"Chopper" w reżyserii Andrew Dominika (pan ten wydirectorował także świetne "Zabójstwo Jesse Jamesa przez tchórzliwego Roberta Forda"), film bardzo dobry, w szczególności ze względu na koncertowo zagraną rolę Erica Bany. Bohater (trudno się to słowo wymawia w tym przypadku) - to Mark Read, bandyta kreujący się na australijskiego bohatera narodowego. Psychopata, który przyjaźnie gawędząc postrzeli cię w brzuch dla paru groszy, a następnie - szczerze (!) zaniepokojony twym stanem - odwiezie do szpitala. Bana jest odrażającym głupawo-chytrym menelem z metalowymi plombami a jednocześnie naprawdę uroczym kompanem. Bez żadnego przeskoku pomiędzy tymi wcieleniami. Przy tym nie ma w sobie niczego nadnaturalnego, żaden z niego esteta, geniusz zbrodni czy kuloodporny superman. Ostrzegam, film jest ironiczny - kto się spodziewa spektakularnej akcji czy misternej i konsekwentnej intrygi tego czeka rozczarowanie. Rzekome bohaterskie przewagi naszego wspanialca nad kompanami-kryminalistami okazują się rozdętym przez tabloidy wymysłem. Strzela się z antycznego złomu do nieuzbrojonego przeciwnika, dźga szydłami z zaskoczenia, kradnie drobniaki a nie miliony. I jeszce jedno: nie pokazywać (bardzo) młodszemu rodzeństwu lub (bardzo)konserwatywnym rodzicom - i tak zapewne nie zrozumieją o co chodzi, a scena jednoczesnej rozmowy z tajniakami i zalotów do dziewczyny jakkolwiek histerycznie śmieszna może niektórych zniesmaczyć.
Osoby, które rozpływały się nad teatralno-genialnym Hannibalem Lecterem mogą sobie porównać, jak tego pokroju osobnik zachowuje się w skali osiedlowo-bramnej. I dojśc do wniosku, że zdrowiej jednak spotykać takowych jegomości tylko na ekranie. I że tak napradę nie ma się kim zachwycać.

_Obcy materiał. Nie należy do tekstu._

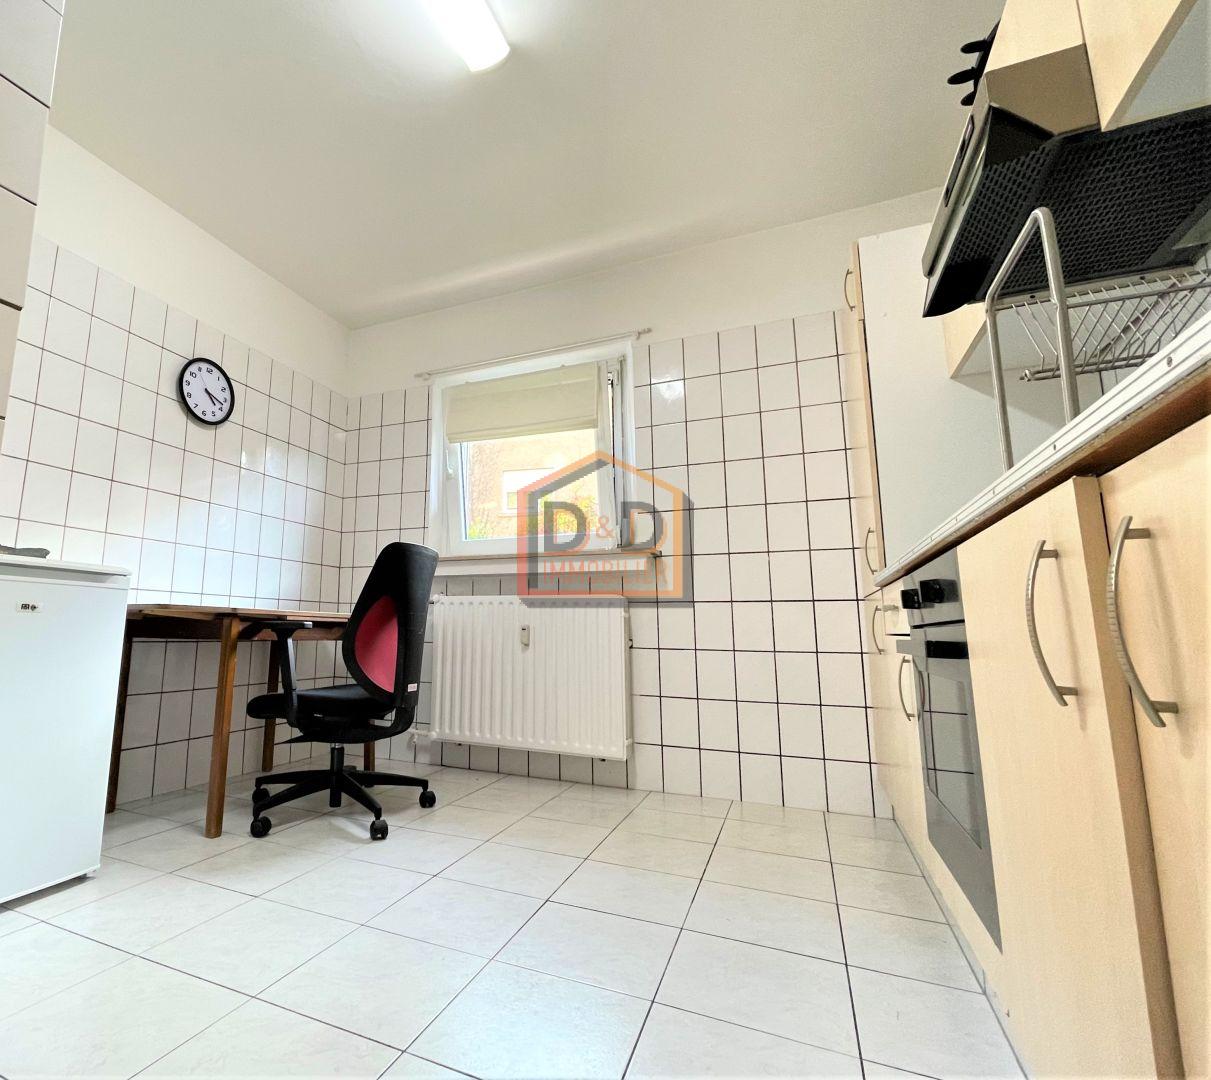 Appartement à Luxembourg-Rollingergrund, 30,13 m², 1 chambre, 1 salle de bain, 389 350 €

"Nemesis" (tak, tak: cz. I) reżyserii (?) Alberta Puyna. Oliver Gruner o mimice spychacza Caterpillar kontra supertajny i diaboliczny spisek rządowych cyborgów w ciemnych okularach i garniakach z poliestru. Film, który za sprawą magii kina jest tak zły, że aż dobry (albo odwrotnie, jak kto woli). Mamy rozterkę wyobcowanego bohatera poszukującego utraconego człowieczeństwa, niemożliwe do spełnienia uczucie, epicki dramat samotnej walki z totalitaryzmem, postapokaliptyczne krajobrazy, dreszcz napięcia. A także laserowe celowniki w oczach, strzelanie jednorącz z karabinu maszynowego, cyborgi poskładane z części zakupionych w Castoramie. Kto obejrzał, ten nigdy już nie zapomni obalającej wszelkie konwenanse sceny z udziałem starowinki i namolnego sługusa reżimu.
Bez żadnej ironii, film ten można nazwać kultowym na miarę Blade Runnera - chociaż jakby "z innej optyki", jak mawiał pewien gensek. Bo taki Emmerich może se kręcić sztampowe filmidła za grube miliony, o których za pół roku nie pamięta nikt prócz księgowych. Ale Puyn...dreszcz metafizyczny mnie przechodzi na myśl, co ten nakręciłby z wielusetmilionowym budżetem.